Only one range belongs in the answer: the line holding "Cut Out Wedge Sandals - Black" through the last line of the records, reproduced as is.

[Start of Attachment]

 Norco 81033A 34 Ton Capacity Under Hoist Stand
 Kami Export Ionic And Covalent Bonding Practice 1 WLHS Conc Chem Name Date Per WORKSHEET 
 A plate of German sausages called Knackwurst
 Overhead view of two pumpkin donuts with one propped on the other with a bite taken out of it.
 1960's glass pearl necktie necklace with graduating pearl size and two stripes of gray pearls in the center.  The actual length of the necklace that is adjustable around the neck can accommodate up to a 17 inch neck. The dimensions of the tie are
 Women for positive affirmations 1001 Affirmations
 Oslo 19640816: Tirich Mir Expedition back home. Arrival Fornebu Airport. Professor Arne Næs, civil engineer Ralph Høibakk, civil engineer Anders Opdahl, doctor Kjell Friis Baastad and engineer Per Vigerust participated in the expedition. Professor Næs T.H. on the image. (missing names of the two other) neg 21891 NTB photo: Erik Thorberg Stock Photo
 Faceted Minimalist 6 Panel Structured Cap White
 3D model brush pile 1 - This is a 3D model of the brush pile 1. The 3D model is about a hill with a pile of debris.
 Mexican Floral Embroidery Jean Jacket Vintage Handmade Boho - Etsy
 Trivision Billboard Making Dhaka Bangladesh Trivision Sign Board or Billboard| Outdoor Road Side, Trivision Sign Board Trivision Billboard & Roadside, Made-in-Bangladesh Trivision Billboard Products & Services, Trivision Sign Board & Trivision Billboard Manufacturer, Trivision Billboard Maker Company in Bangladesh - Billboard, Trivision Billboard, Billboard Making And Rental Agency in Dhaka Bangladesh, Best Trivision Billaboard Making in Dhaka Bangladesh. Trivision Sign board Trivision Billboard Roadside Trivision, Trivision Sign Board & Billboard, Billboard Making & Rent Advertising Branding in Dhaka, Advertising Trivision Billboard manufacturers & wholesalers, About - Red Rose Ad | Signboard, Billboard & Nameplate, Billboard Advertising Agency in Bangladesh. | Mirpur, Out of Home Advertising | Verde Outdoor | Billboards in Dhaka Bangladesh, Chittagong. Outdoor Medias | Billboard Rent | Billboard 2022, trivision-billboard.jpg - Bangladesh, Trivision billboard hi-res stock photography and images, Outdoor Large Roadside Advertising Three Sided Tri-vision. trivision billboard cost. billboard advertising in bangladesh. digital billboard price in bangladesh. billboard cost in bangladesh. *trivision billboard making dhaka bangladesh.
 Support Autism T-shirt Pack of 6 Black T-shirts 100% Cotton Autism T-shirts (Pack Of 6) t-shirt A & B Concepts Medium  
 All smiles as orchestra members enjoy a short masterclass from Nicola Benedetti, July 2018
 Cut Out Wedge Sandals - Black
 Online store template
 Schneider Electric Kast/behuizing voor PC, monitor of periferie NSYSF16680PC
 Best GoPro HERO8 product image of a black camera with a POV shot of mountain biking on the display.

[End of Attachment]

* RESPONSE TO THE EXERCISE *
 Cut Out Wedge Sandals - Black
 Online store template
 Schneider Electric Kast/behuizing voor PC, monitor of periferie NSYSF16680PC
 Best GoPro HERO8 product image of a black camera with a POV shot of mountain biking on the display.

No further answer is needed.